### PROMPT:
With pictures removed, the data below should be returned exactly.

### RAW DATA:
★ ★ ★ ★ ★

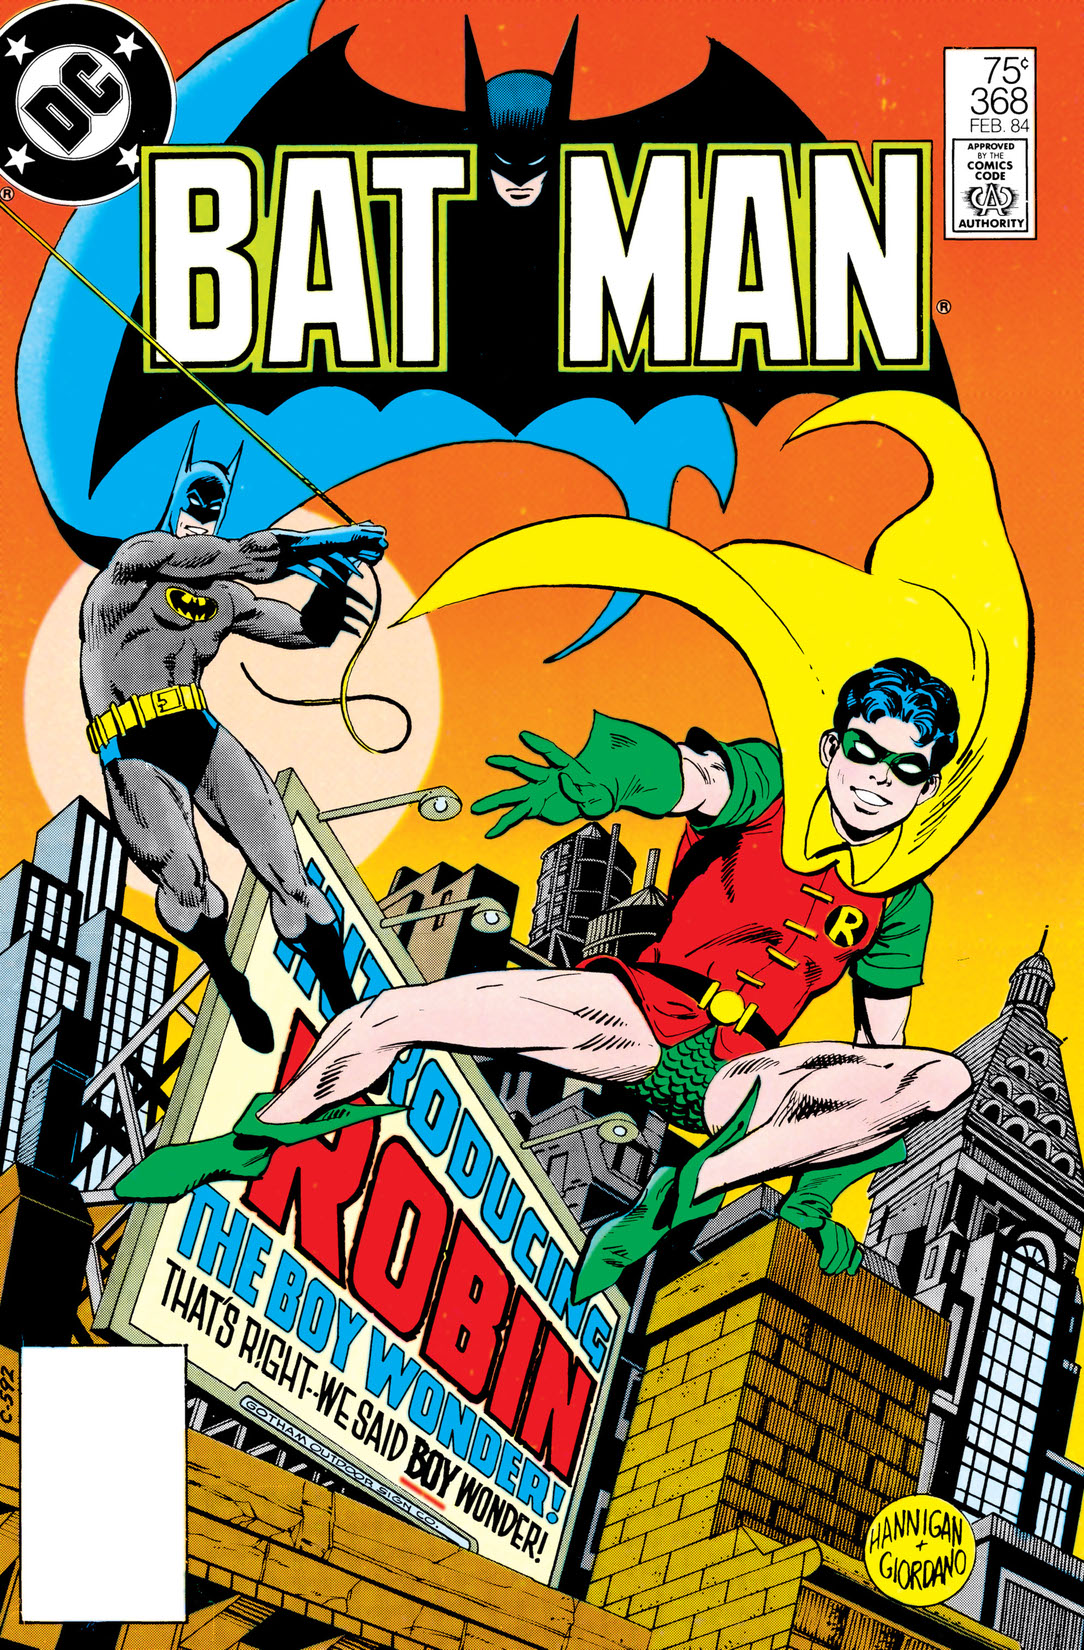 Batman (1940-) #368 preview images
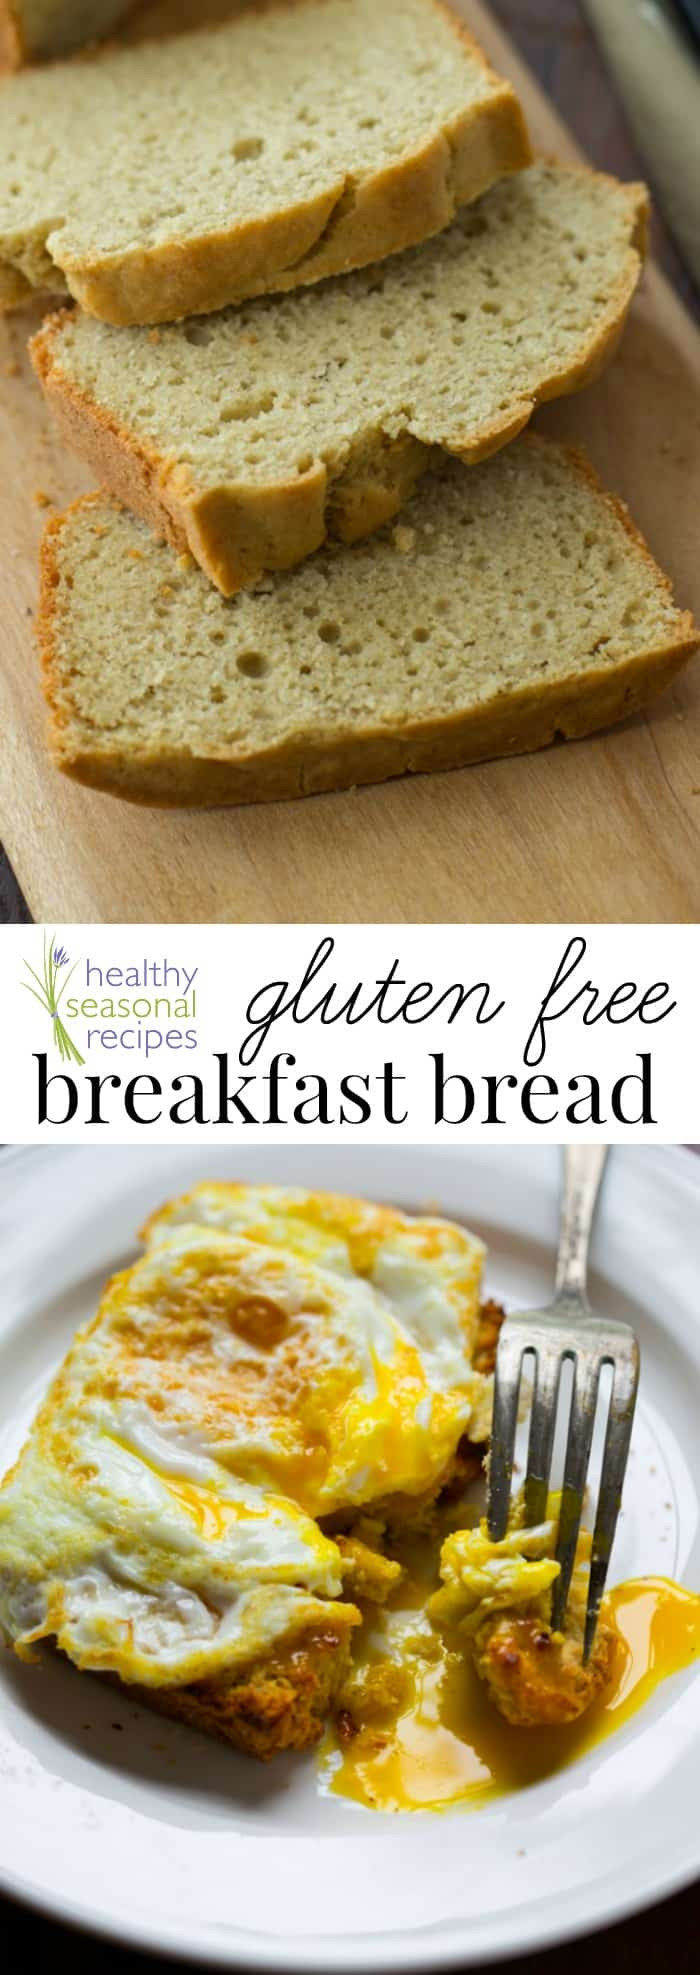 Healthy Gluten Free Breakfast
 gluten free breakfast bread Healthy Seasonal Recipes
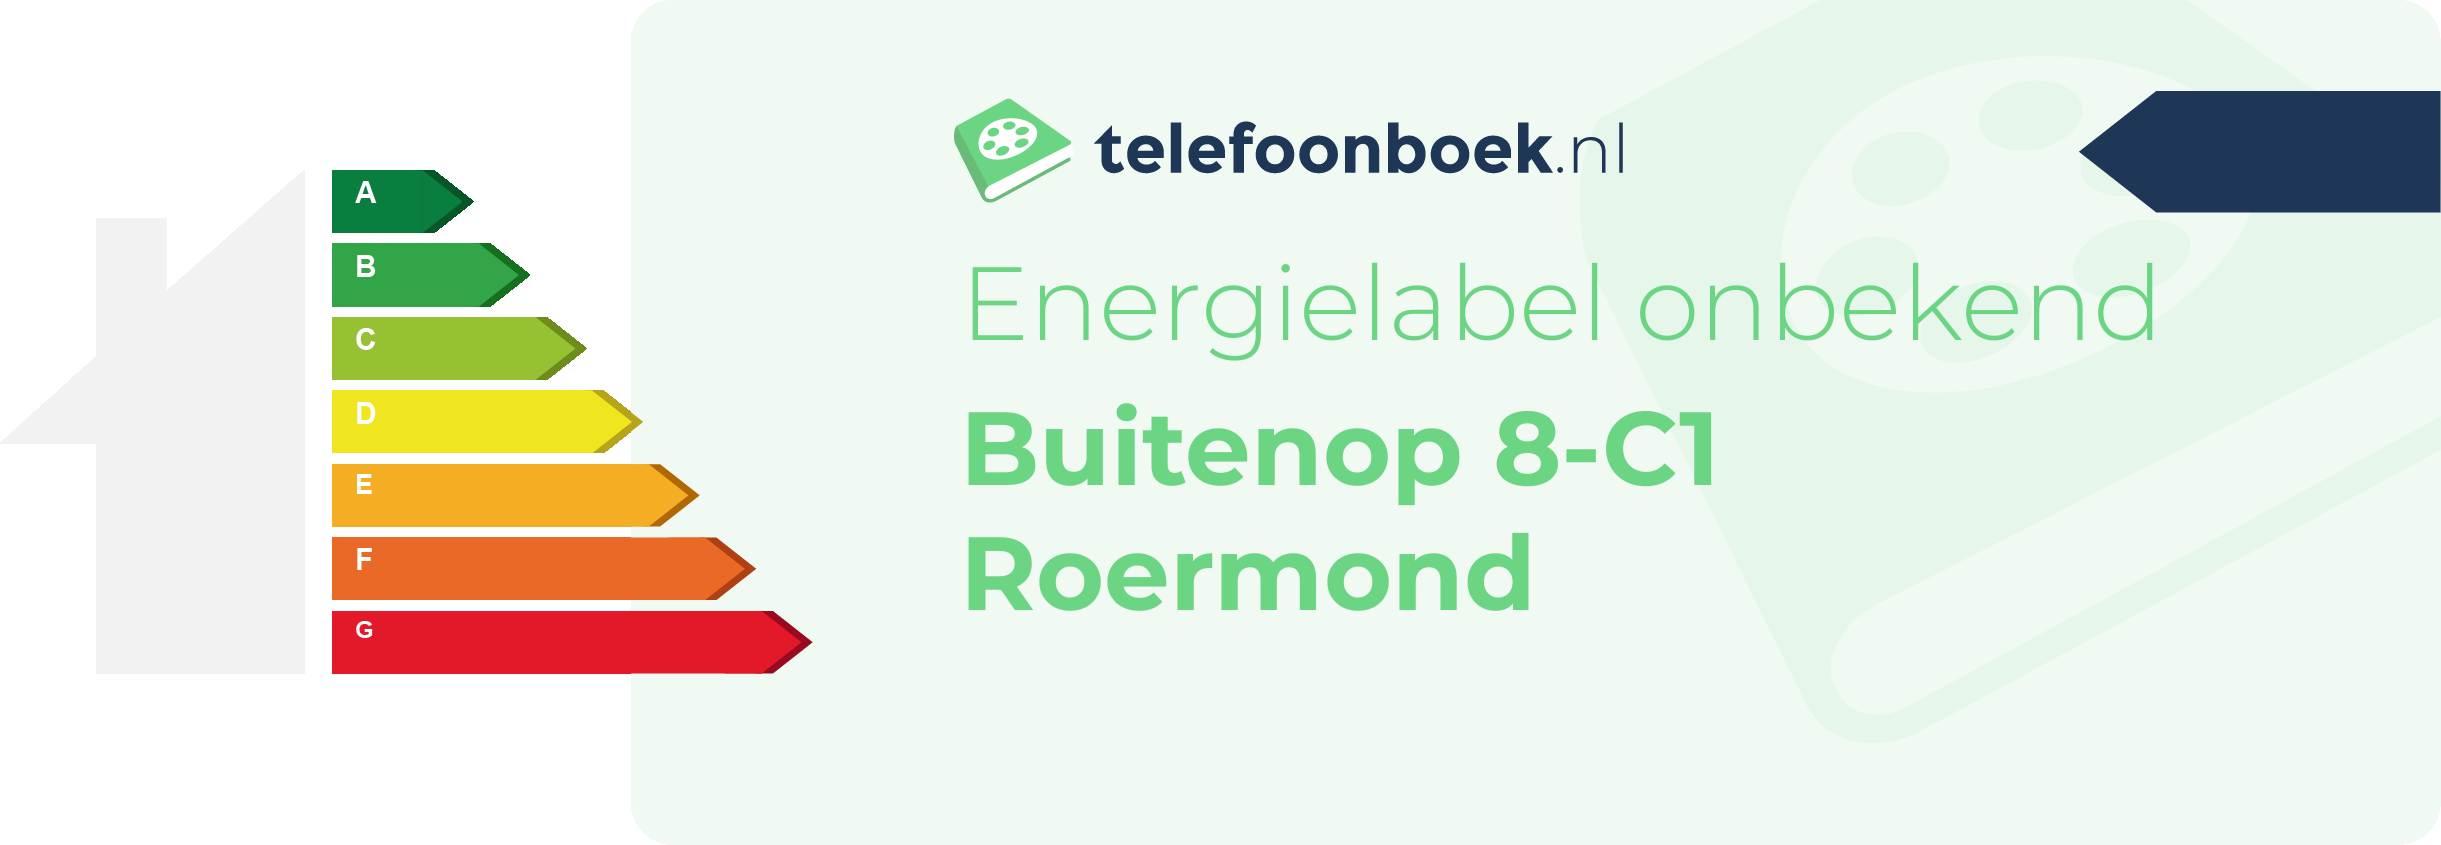 Energielabel Buitenop 8-C1 Roermond

★ ★ ★ ★ ★

### ANSWER BOX:
 Batman (1940-) #368 preview images
 Healthy Gluten Free Breakfast
 gluten free breakfast bread Healthy Seasonal Recipes
 Energielabel Buitenop 8-C1 Roermond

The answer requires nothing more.